On March 11, 2024, pursuant to the terms of the Agreement and Plan of Merger (the “Merger Agreement”), dated as of January 7, 2024, by and among the Registrant, Merck Sharp & Dohme LLC, a New Jersey limited liability company (“Merck”), and Hawaii Merger Sub, Inc., a Delaware corporation and wholly owned subsidiary of Merck (“Merger Sub”), Merger Sub merged with and into the Registrant (the “Merger”), with the Registrant surviving the Merger as a wholly-owned subsidiary of Merck.

As a result of the Merger, the Registrant has terminated, as of the date hereof, any and all offerings of its securities pursuant to its existing registration statements under the Securities Act of 1933, as amended, including the Registration Statements.
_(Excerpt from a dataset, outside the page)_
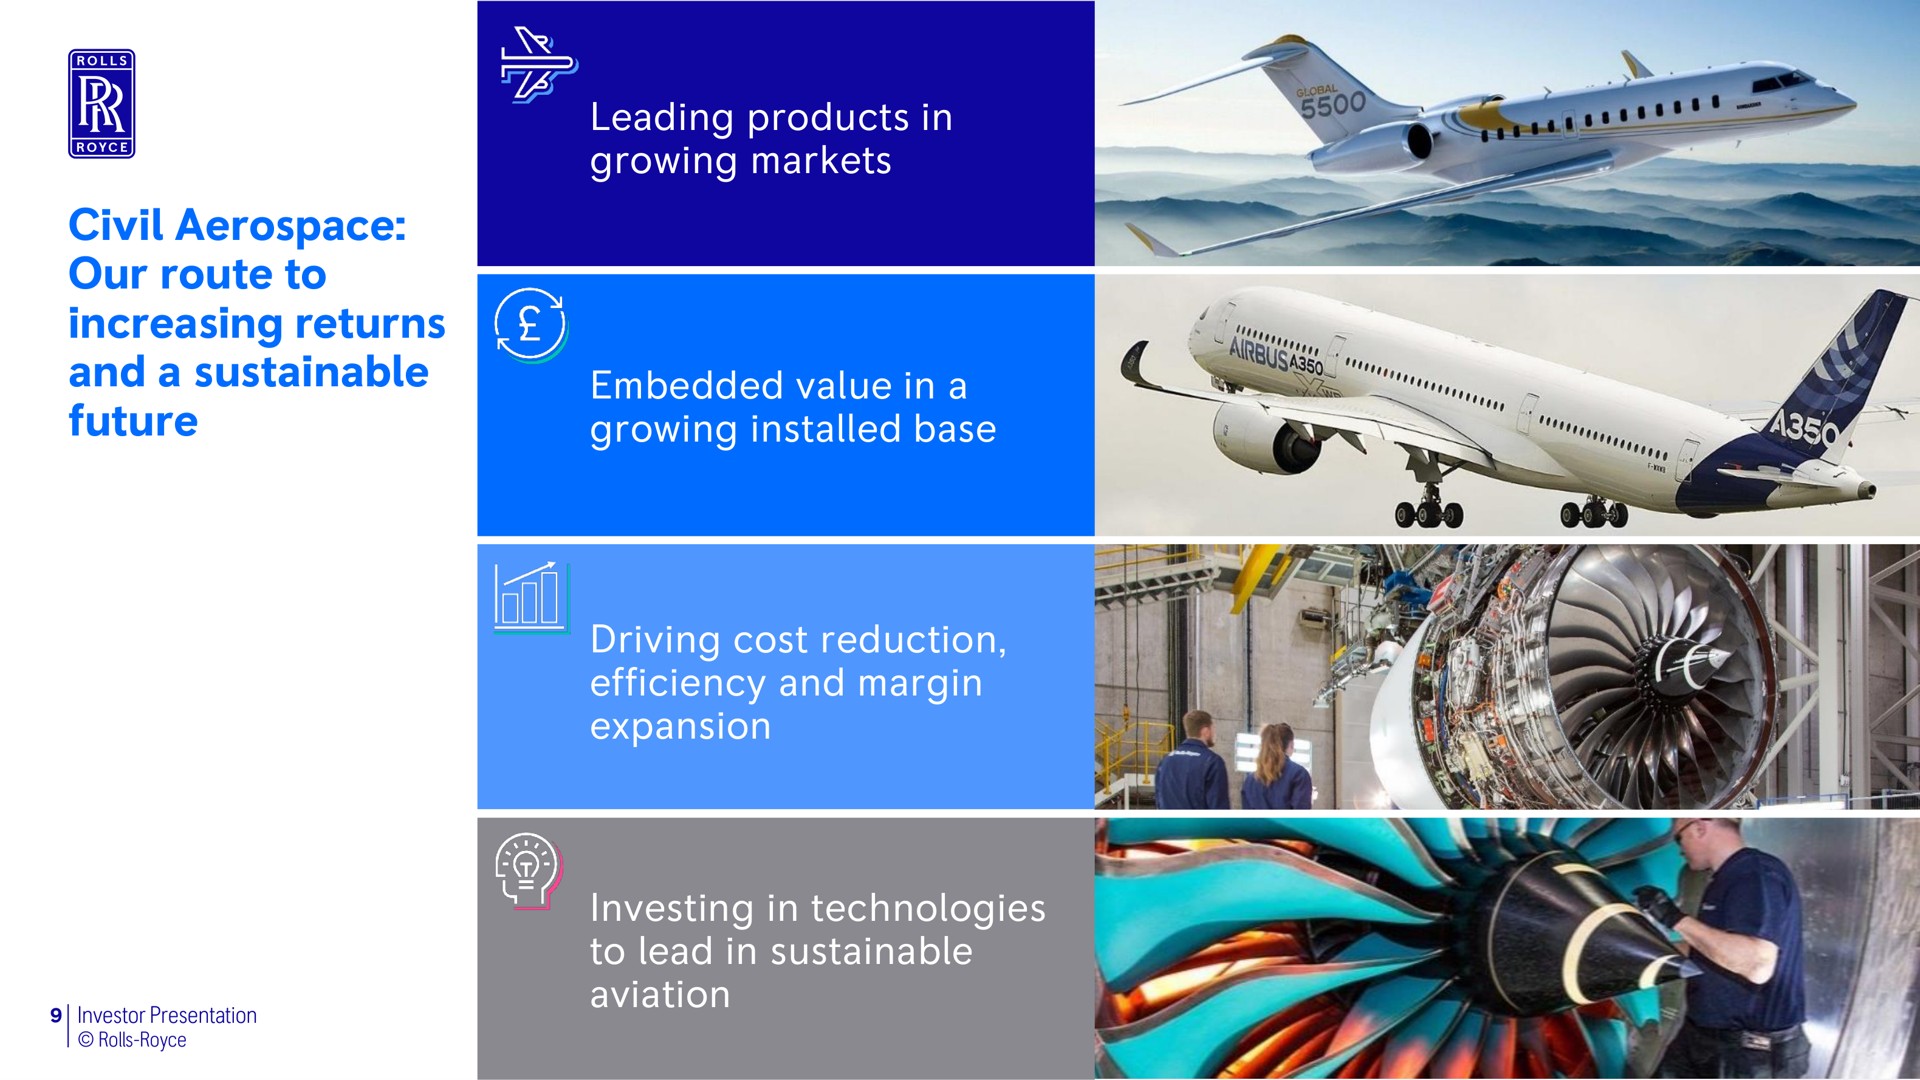 civil our route to increasing returns and a sustainable future leading products in growing markets embedded value in a growing base driving cost reduction efficiency and margin expansion investing in technologies to lead in sustainable aviation | Rolls-Royce Holdings

In accordance with an undertaking made by the Registrant in the Registration Statements to remove from registration, by means of a post-effective amendment, any of the securities registered under the Registration Statements that remain unissued at the termination of the offerings, by filing these Post-Effective Amendments, the Registrant hereby removes from registration all securities registered but unsold under such Registration Statements, if any, as of the date hereof, and the Registration Statements are hereby amended, as appropriate, to reflect the deregistration of such securities.


SIGNATURES

Pursuant to the requirements of the Securities Act of 1933, the Registrant certifies that it has reasonable grounds to believe that it meets all of the requirements for filing on Form S-8 and has duly caused these Post-Effective Amendments to the Registration Statements on Form S-8 to be signed on its behalf by the undersigned, thereunto duly authorized, in the City of Rahway, State of New Jersey, on March 11, 2024.

 

HARPOON THERAPEUTICS, INC.

By:   /s/ Kelly E.W. Grez
 

Name: Kelly E.W. Grez

 

Title: Assistant Secretary

No other person is required to sign these Post-Effective Amendments to the Registration Statements on Form S-8 in reliance on Rule 478 of the Securities Act of 1933, as amended.